Achieving nearly any financial goal, from saving for retirement to buying a car, comes down to spending less than you earn.
In recent years, that’s become especially difficult for consumers as prices for essentials like rent and groceries have grown faster than wages can keep up. As a result, the share of Americans saying they live paycheck to paycheck has been growing fairly steadily for the past two years, a recent Bank of America survey found.
Nearly half of Americans at least somewhat agree with the statement, “I am living paycheck to paycheck,” as of the third quarter of 2024. The share shrank slightly between the second and third quarters of this year, but in 2022, less than 40% of Americans felt this way, Bank of America reports.
Importantly, how each respondent defines living paycheck to paycheck may vary. So, for the purposes of the study, Bank of America set a threshold — households spending at least 90% of their income on necessities could be considered living paycheck to paycheck.
By that measure, around 30% of American households are living paycheck to paycheck, according to Bank of America’s internal data. Further, 26% of households spend 95% or more of their income on necessities, the bank reports.
It’s worth noting that not all transactions were captured in the data, which only tracked post-deduction incomes and funds kept in Bank of America accounts. However, it still highlights discord among Americans in the ways they see themselves and their financial situations.
‘Perceptions can sometimes deviate from reality’
The disparity between the share of people who say they live paycheck to paycheck and those who do by Bank of America’s estimates can be attributed in part to differing definitions of what “paycheck to paycheck” means.
“I suspect people have a slightly broader perception themselves,” says David Tinsley, senior economist at Bank of America Institute and author of the report.
Someone who works a decent-paying, full-time job may go out to dinner a couple of times a month, for example, bringing their total monthly spending closer to their income. Technically it’s not a necessity, but it isn’t an egregious splurge either.
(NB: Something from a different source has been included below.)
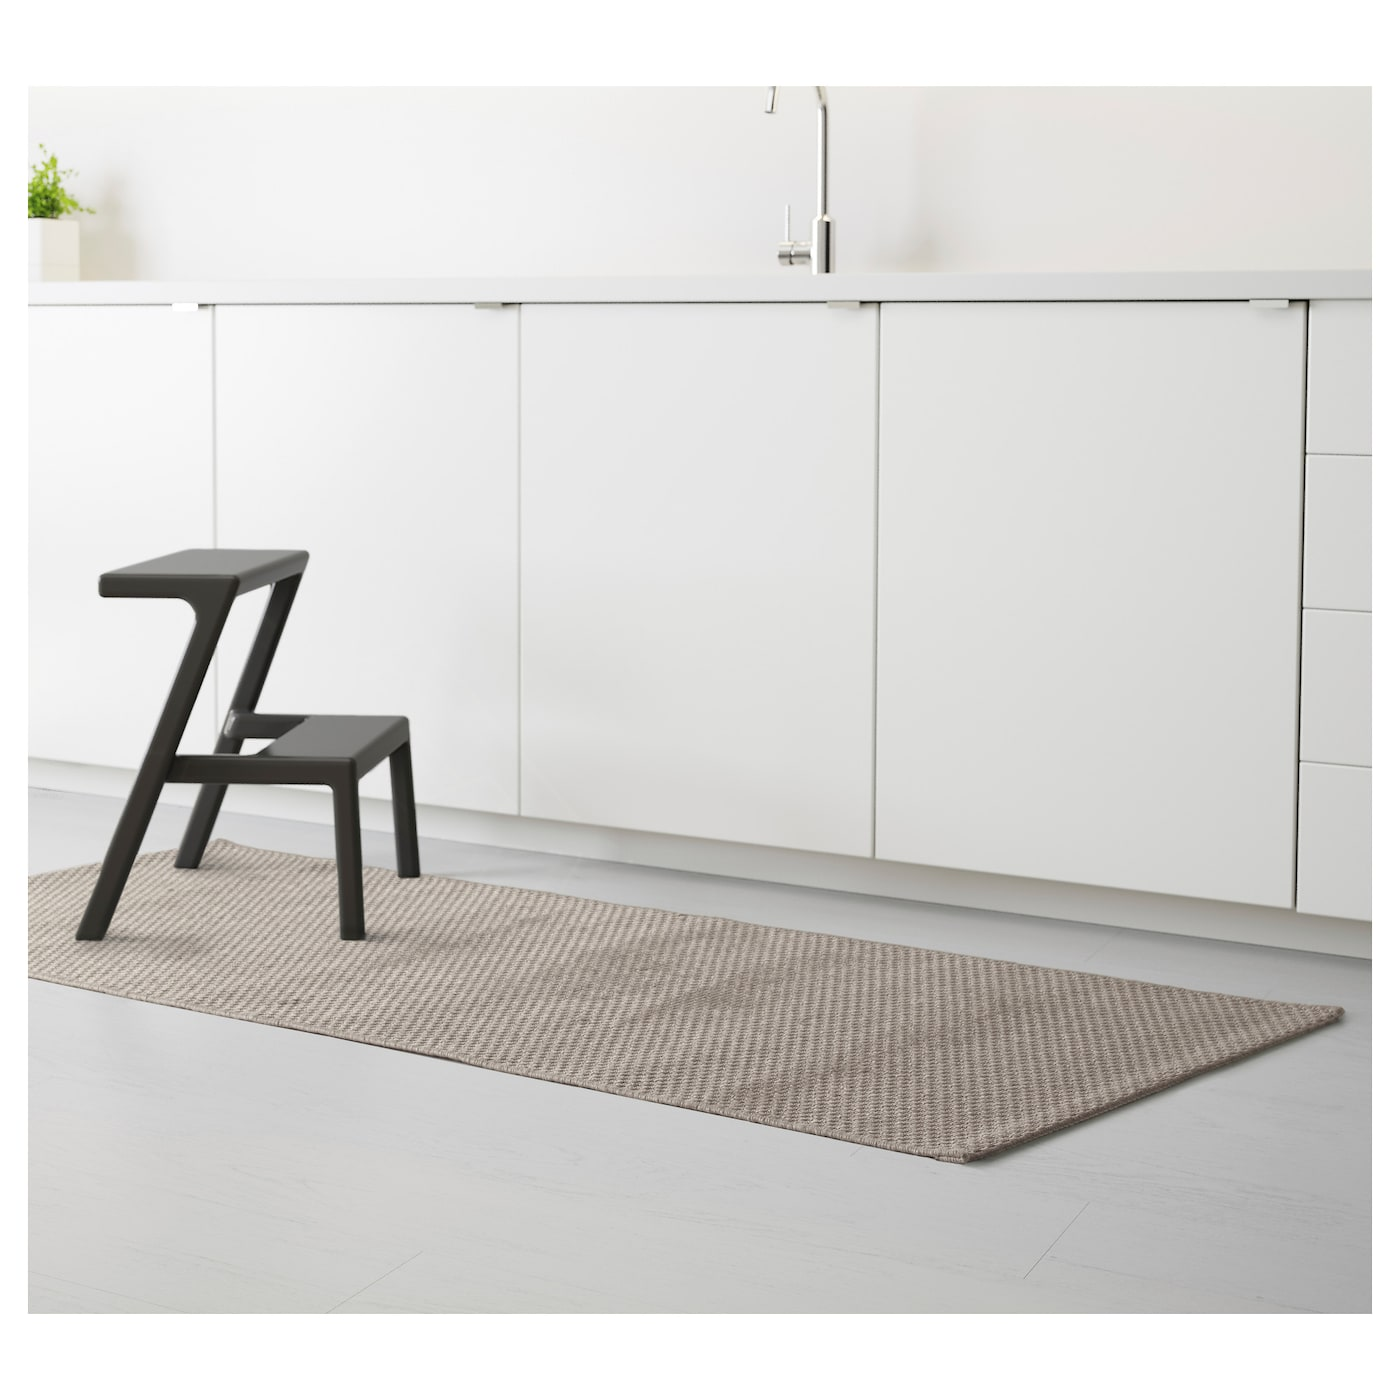 morum tapis tiss plat int ext rieur beige 80 x 200 cm ikea. Black Bedroom Furniture Sets. Home Design Ideas

If it becomes unaffordable, that person may feel like they’re living paycheck to paycheck, Tinsley says.
The same goes for saving for emergencies or retirement, which may be viewed as a necessity to some, but a luxury to others.
“Perceptions can sometimes deviate from reality, but I think also people’s aspirations go a bit further than just being able to survive,” Tinsley says.
Who has room to cut back?
As you might expect, the share of households living paycheck to paycheck is highest among the lowest earners. About 35% of households earning less than $50,000 a year have necessary spending in excess of 95% of their incomes, compared with a little over 20% of households earning between $75,000 and $100,000 a year, Bank of America finds.
But earning a low income doesn’t inherently cause those households to live paycheck to paycheck. Higher expenses seem to be a bigger reason households are strapped for cash each month, the report finds.
About 20% of households earning more than $150,000 a year spend over 95% of their income on necessities, according to Bank of America’s analysis. Part of this may be due to the fact that higher-earning families are more likely to have larger homes and more expensive cars, leading to higher monthly costs, Tinsley says.
In fact, the data shows that, on average, households living paycheck to paycheck spend about 90% more on necessities than those living comfortably, but their incomes are only 20% smaller.
This can be due to a myriad of reasons, such as family size or geography. But while lower-income households with too-high essential costs may not have access to more affordable options, higher-earning households likely have more room to cut expenses and recalibrate their spending, Tinsley says.
“For people at the low end [of income] distribution, almost certainly they’re not going to be able to cut back on their groceries, and they probably can’t move to a more affordable area,” he says.
However, “there’s probably an element at the top end [of the income spectrum] where there may be a little bit more flexibility in terms of those [spending] choices that people are making.”